Where A.shape == (3, 3), R.shape == (3, 3), w.shape == (3, n), t.shape == (3, 1), m.shape == (3, n), representing n points in world coordinates w and image coordinates m.

This equation can be rearranged as

w.T @ R.T == (inv(A) @ m - t).T

where inv(A) is the inverse of A. The shape of the left- and right-hand sides is (n, 3). This has the format of a matrix equation, with 9 unknowns (in R.T) and n equations. In this form, you can feed into np.linalg.lstsq for a least-squares solution - assuming that you have n >= 3 with sufficiently independent points.

Here is a demonstration with random numbers:

import numpy as np

# Setup test case
np.random.seed(1)
R = np.random.randint(-9, 9, size=(3, 3)).astype(np.float64)
t = np.array([1, 1.5, 2]).reshape(3, 1) # column vector
Rt = np.hstack([R, t]) # shape (3, 4)
A = np.diag([0.5, 0.5, 1.0]) # shape (3, 3)

n = 20 # number of points
# M: shape (4, n)
M = np.vstack([np.random.uniform(size=(3, n)), np.ones((1, n))])
m = A @ Rt @ M # m.shape == (3, n)

# Now try to reconstruct R, given A, M, t, and m.

w = M[:3, :] # world XYZ coordinates, shape (3, n)

# Matrix equation: A @ (R @ w + t) == m
# Equivalent to w.T @ R.T == (inv(A) @ m - t).T
RTfit, _, _, _ = np.linalg.lstsq(w.T, (np.linalg.inv(A) @ m - t).T, rcond=None)

Rfit = np.around(RTfit.T, 6)
print(f'Original R:\n{R}\nReconstructed R:\n{Rfit}')

Output:

Original R:
[[-4.  2.  3.]
 [-1.  0.  2.]
 [-4.  6. -9.]]
Reconstructed R:
[[-4.  2.  3.]
 [-1. -0.  2.]
 [-4.  6. -9.]]

Note that you could also use an exact solve using three data points (n=3):

Rsolve = np.linalg.solve(w.T[:3], (np.linalg.inv(A) @ m[:, :3] - t).T).T

but in this case, you need to pick your three points carefully or it won't work.
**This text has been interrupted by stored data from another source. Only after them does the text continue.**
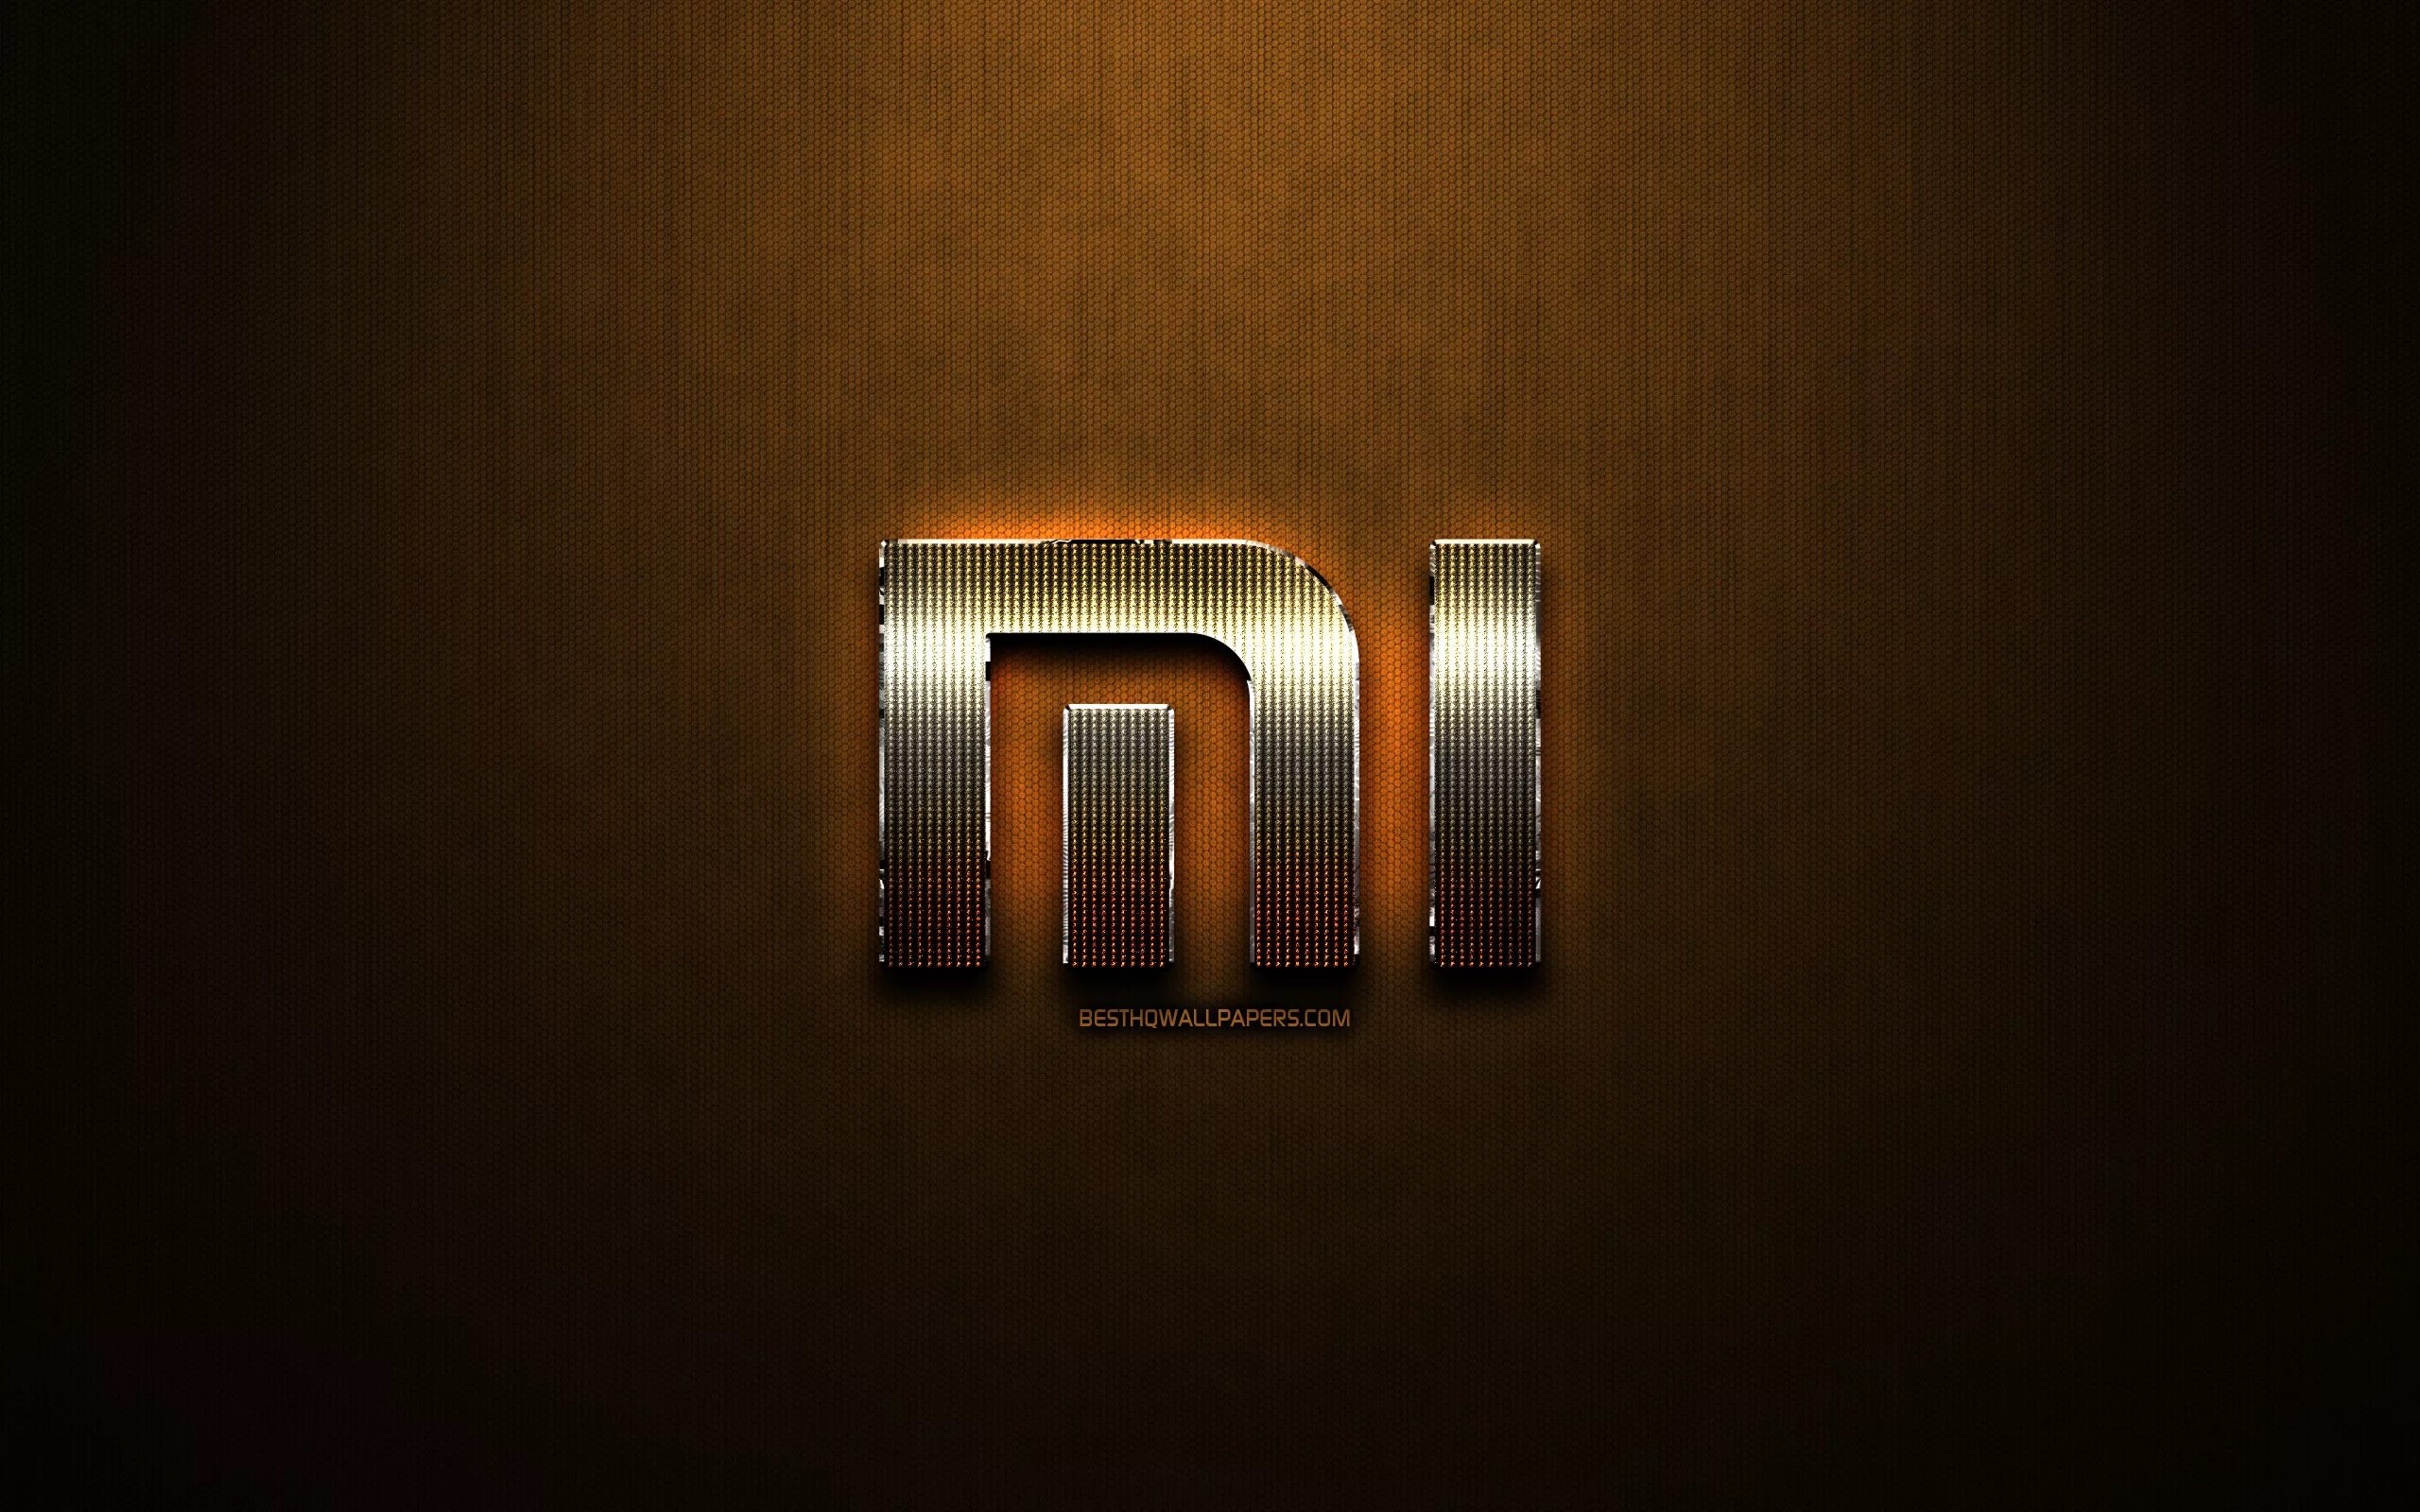 Mi gold. Логотип Xiaomi Redmi. Обои Xiaomi. Обои с логотипом mi. Обои с логотипом Xiaomi.
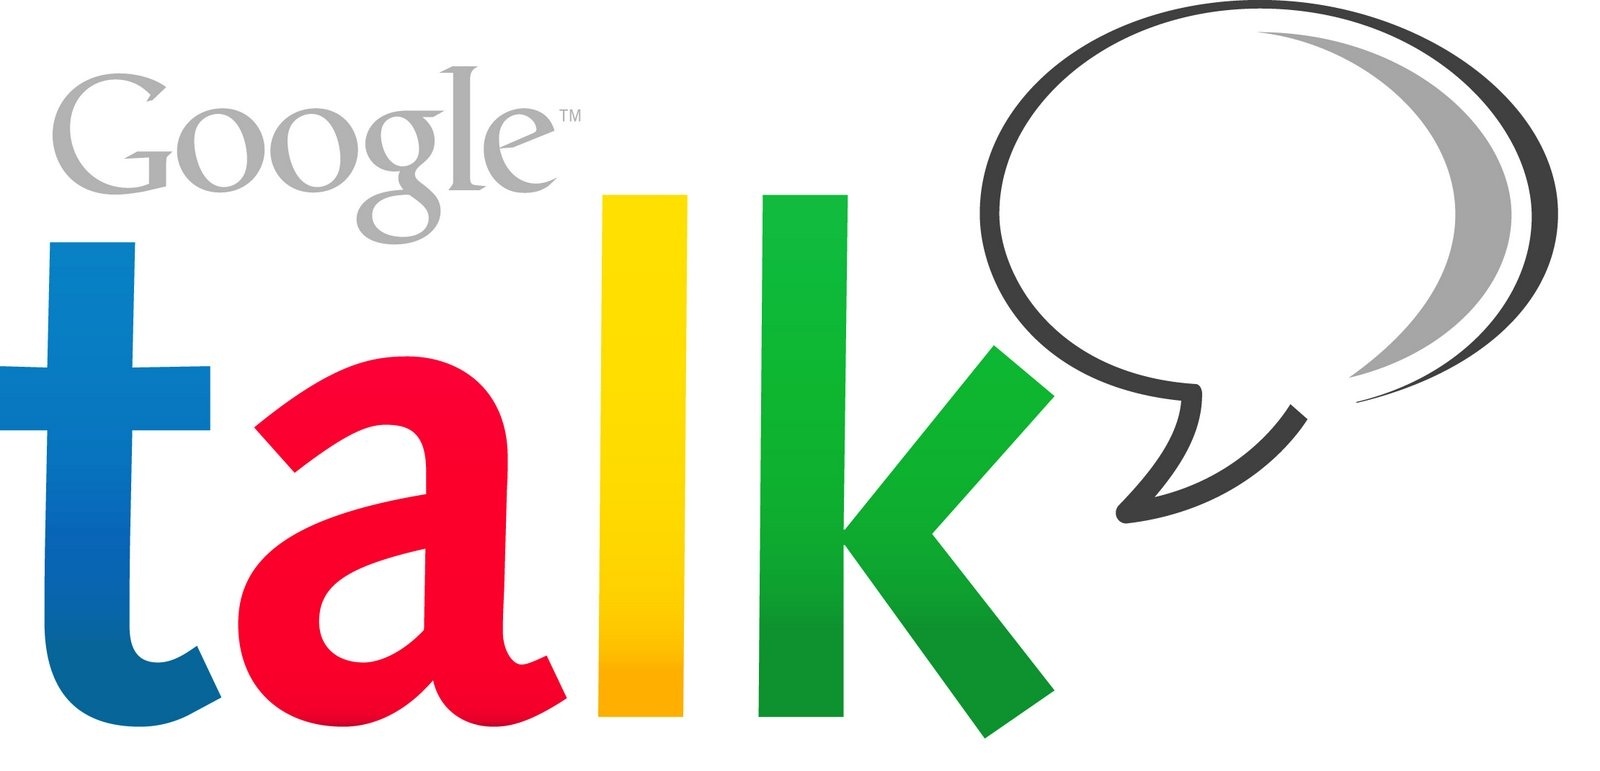 Google Talk все: история одного из старейших сервисов Google. Живые и мертвые альтернативы от Google - 7
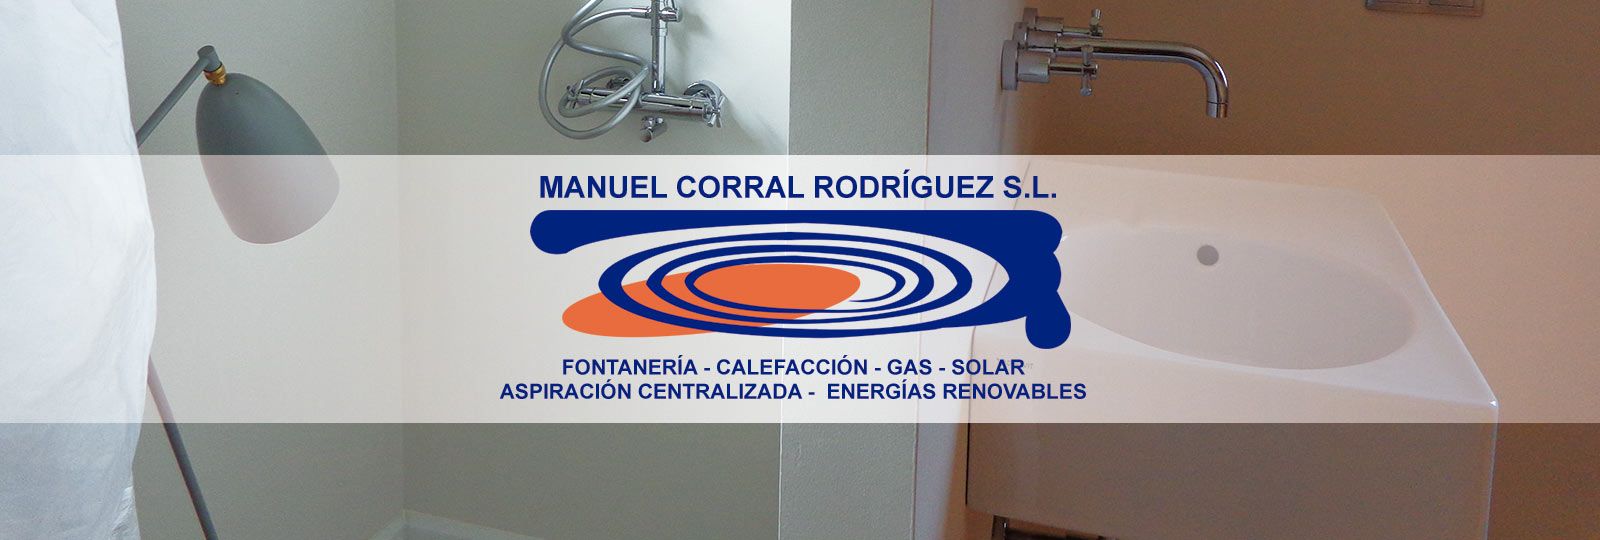 Portada MANUEL CORRAL RODRIGUEZ S.L.
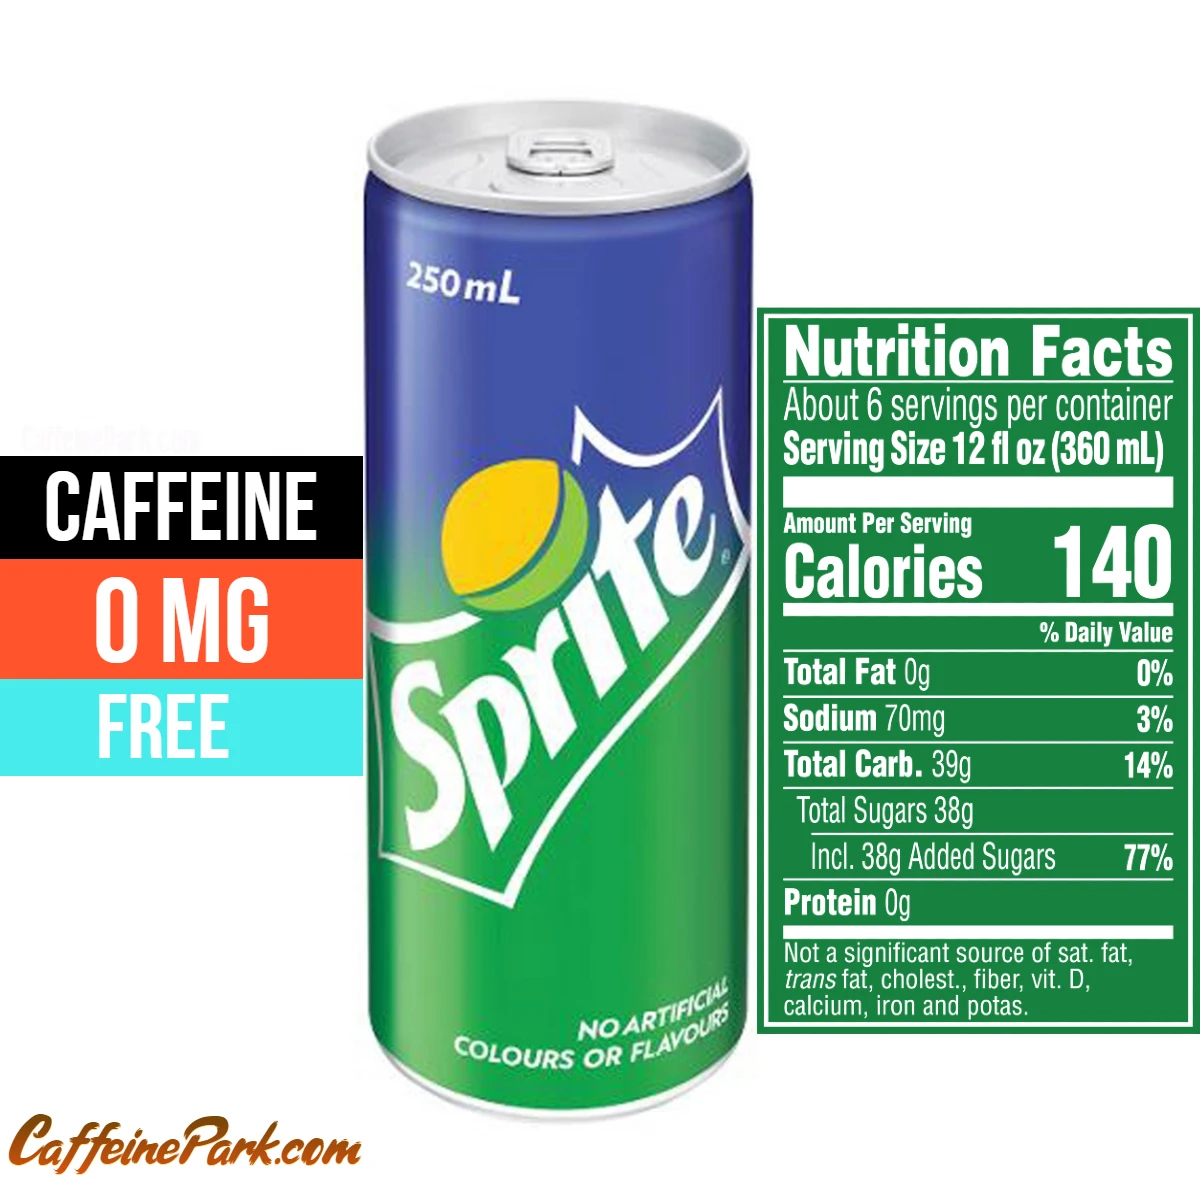 Does Sprite Have Caffeine?

Here is an attempt with your data:

t = np.array([[0, -1.32, 0]]).T
w = np.array([
    [4.25, 4.25, 5.32, 5.32, 6.27, 6.27, 7.28, 7.28, 4.20],
    np.zeros(9),
    [0.63, 1.63, 0.63, 1.63, 0.59, 1.59, 0.60, 1.92, 2.92]
    ])
m = np.array([
    [337, 337, 316, 317, 302, 302, 291, 292, 338],
    [487, 572, 477, 547, 470, 528, 465, 516, 598],
    np.ones(9)
    ])
A = np.array([
    [711.629,  0, 496.220],
    [712.682, 350.535, 0],
    [0, 0, 1]
    ])
RTfit, _, _, _ = np.linalg.lstsq(w.T, (np.linalg.inv(A) @ m - t).T, rcond=None)
Rfit = np.around(RTfit.T, 6)
print(Rfit)

Output:

array([[-0.040938,  0.      , -0.016044],
       [ 0.448038,  0.      ,  0.52933 ],
       [ 0.14251 ,  0.      ,  0.127464]])

It cannot meaningfully solve the middle column of the R matrix because all Y values of the input were zero. (If you try this with np.linalg.solve, you'll get a singular-matrix error.)

The fit is not particularly good, as evidenced by plotting m and A @ (R @ w + t):

The mismatch implies that there is no R matrix possible that is consistent with the data. In your comment, you ask whether the R matrix is the most optimal solution. It is the optimal solution in matching the LHS and the RHS of the equation (w.T @ Rfit.T versus (inv(A) @ m - t).T).

Given the large mismatch in the above plot, it doesn't make much sense to speculate on the accuracy of the resulting R matrix. It is likely that there is a problem with the input data; the points (m, w), the t-vector, or the A matrix.